Glucose and Glucan Polysaccharides-- Backbone- and linkage-specific gene regulation was observed in the case of endoglycoside hydrolase genes for growth on alpha - and beta -specific glucans. Growth on carboxymethylcellulose (CMC) (see cluster 4.1), a beta -1,4-linked glucose polymer, induced genes encoding extracellular endoglucanases TM1525 (cel12B) and TM0305 (cel74), as well as the intracellular endoglucanase TM1524 (cel12A) and the intracellular cellobiosyl phosphorylase, TM1848. Examination of cluster I (Fig. 3) reveals that expression levels of cel74 were substantially lower than those of cel12A on glucan polysaccharides. Although the presence of a beta -1,4-glucosidase gene (bglA) (accession number CAA52276) in T. maritima MSB8 has been reported (31), the corresponding protein sequence does not show homology to deduced sequences identified in the T. maritima MSB8 genome (4). Recently, bglA was reported to be present in T. maritima RQ2 (11).
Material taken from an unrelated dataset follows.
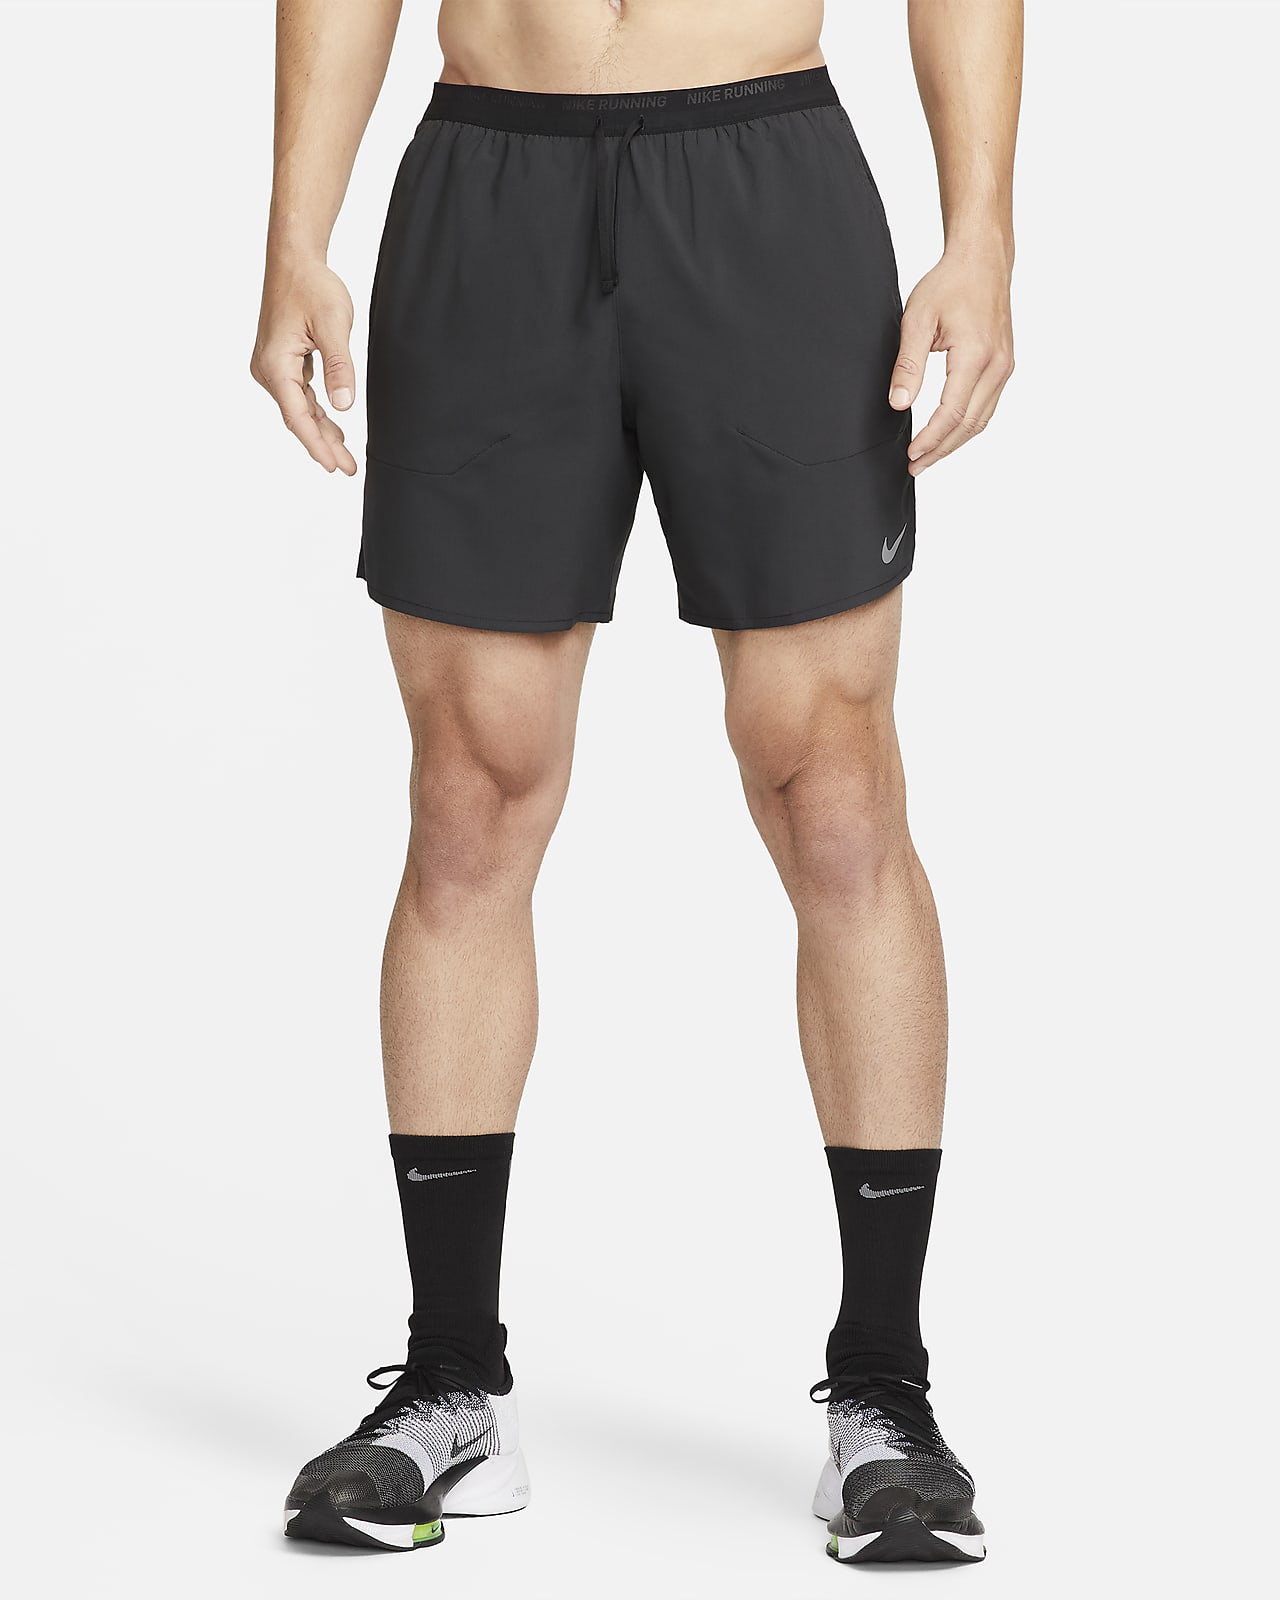 Nike Stride Dri-FIT 18 cm-es, belső rövidnadrággal bélelt férfi futórövidnadrág

A switch in sugar backbone linkage from beta -1,4 to beta -1,3 (cluster 4.2) resulted in specific expression of genes encoding a laminarinase, TM0024 (lam16), as well as the corresponding exoglycosidase, TM0025 (cel3), with comparable overall expression levels. The ROK family protein TM0032 is located upstream of lam16 and cel3 and displays a similar expression pattern. These expression patterns suggest specific regulatory networks for each glucan that differ only by backbone linkage. The mixed linkage beta -glucan from barley induced genes encoding beta -1,4- as well as beta -1,3-glucanases in addition to a related glycosyl transferase, cellobiosyl phosphorylase; however, overall expression levels of lam16 were lower on this substrate than on laminarin.
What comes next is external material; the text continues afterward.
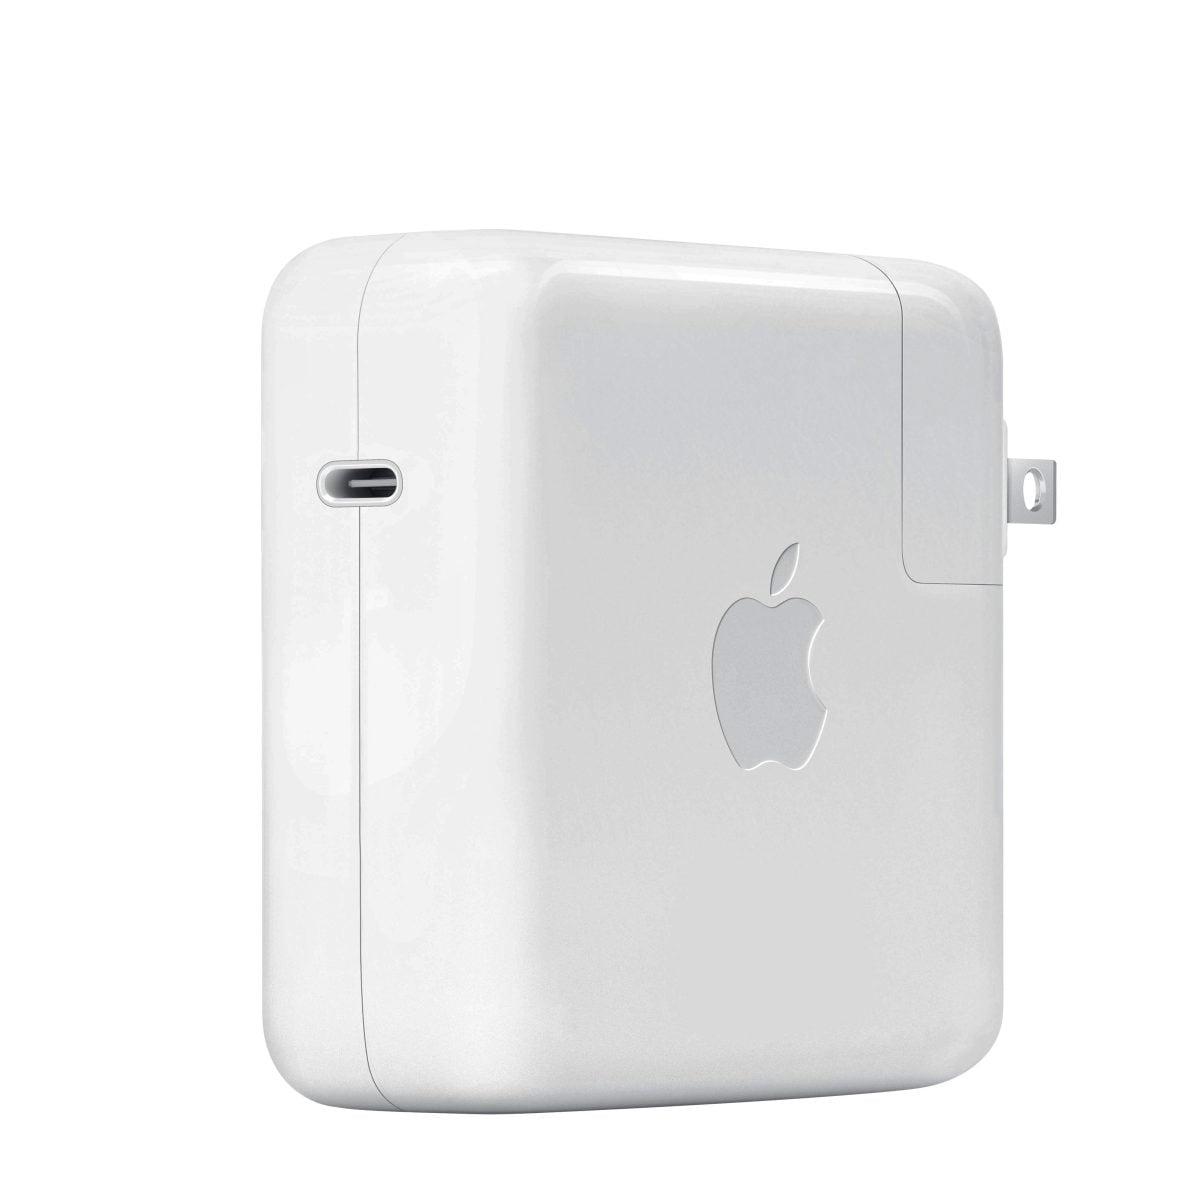 Apple - محول طاقة Usb-C بقوة 67 واط لجهاز Macbook Pro مقاس 13 بوصة (2016 والإصدارات الأحدث) أو Macbook Pro مقاس 14 بوصة - أبيض

Starch, an alpha -glucan, induced expression of genes encoding the extracellular endo-acting alpha -amylase TM1840 (amy13A), a debranching pullulanase, TM1845 (pul13), and the intracellular exo-acting alpha -glucosidase, TM1068 (amy4A) (cluster 4.3). Expression of the alpha -glucuronidase TM0434 (32), previously classified as a putative alpha -glucosidase, also increased on starch. The cyclomaltodextrinase TM1835 was significantly induced in the presence of starch. This intracellular protein has been recently shown to have exoglycosidase activity at the reducing end in addition to maltodextrin decycling activity (33). The genes encoding a 4-alpha -glucanotransferase (TM0364) and maltodextrin glycosyl transferase (TM0767) were also up-regulated during growth on starch, the latter also being expressed during growth on glucose and laminarin. Interestingly, other genes putatively assigned for starch degradation, including an alpha -amylase, TM1650 (amy13B), as well as the putative alpha -glucosidases, TM0752 and TM1834 (amy4AC), remained unaffected by this substrate, suggesting a different intracellular role perhaps related to utilization of storage polysaccharides like glycogen.
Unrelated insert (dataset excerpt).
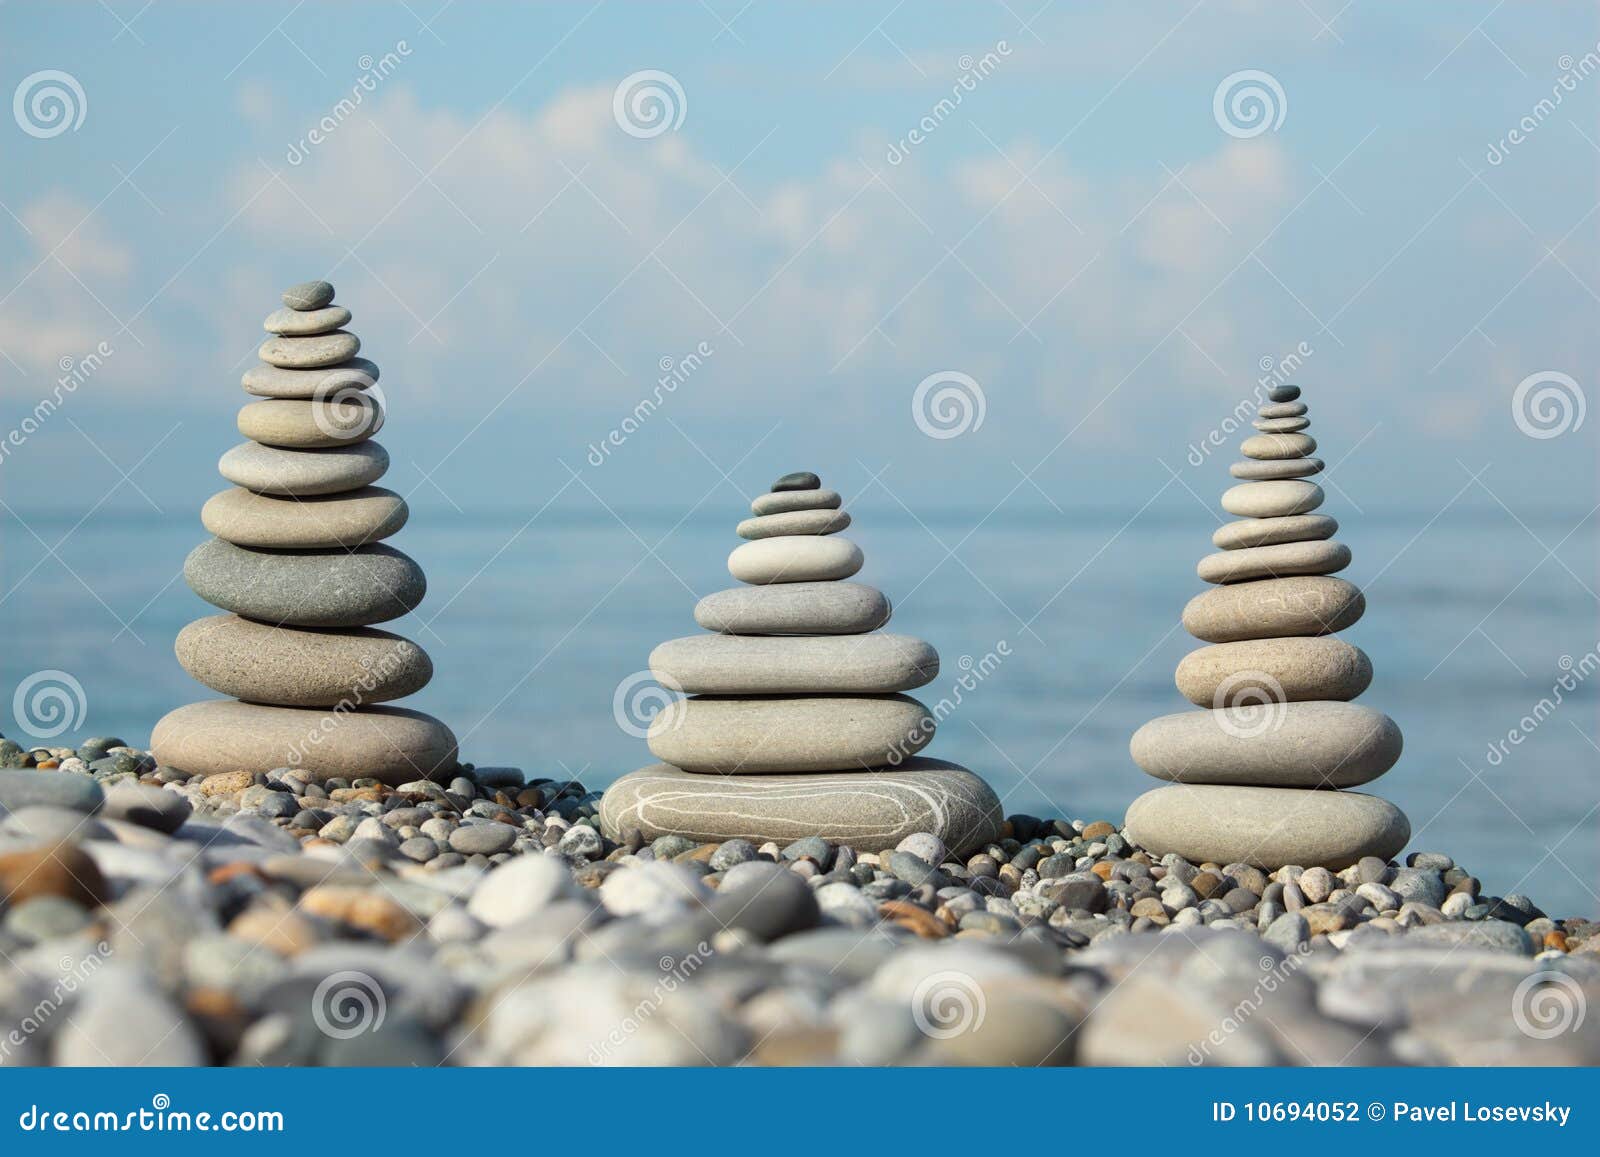 three stone stacks on pebble beach

The relative expression of the AraC family regulator TM1005 increased specifically on starch. AraC proteins have been shown to act as transcriptional activators for a variety of substrates (24). A related MarR regulator TM0710 showed an increase in relative expression on all glucose-containing polymers, suggesting that transcriptional activators also play a role in T. maritima response to glucans. The highly expressed ROK family protein TM0393 showed its highest expression on laminarin and starch. Although expressed at a low level, a DeoR family regulator TM1069 showed its highest relative expression on starch, like its B. subtilis and E. coli homologs, which play a major role in the regulation of sugar metabolism genes (34).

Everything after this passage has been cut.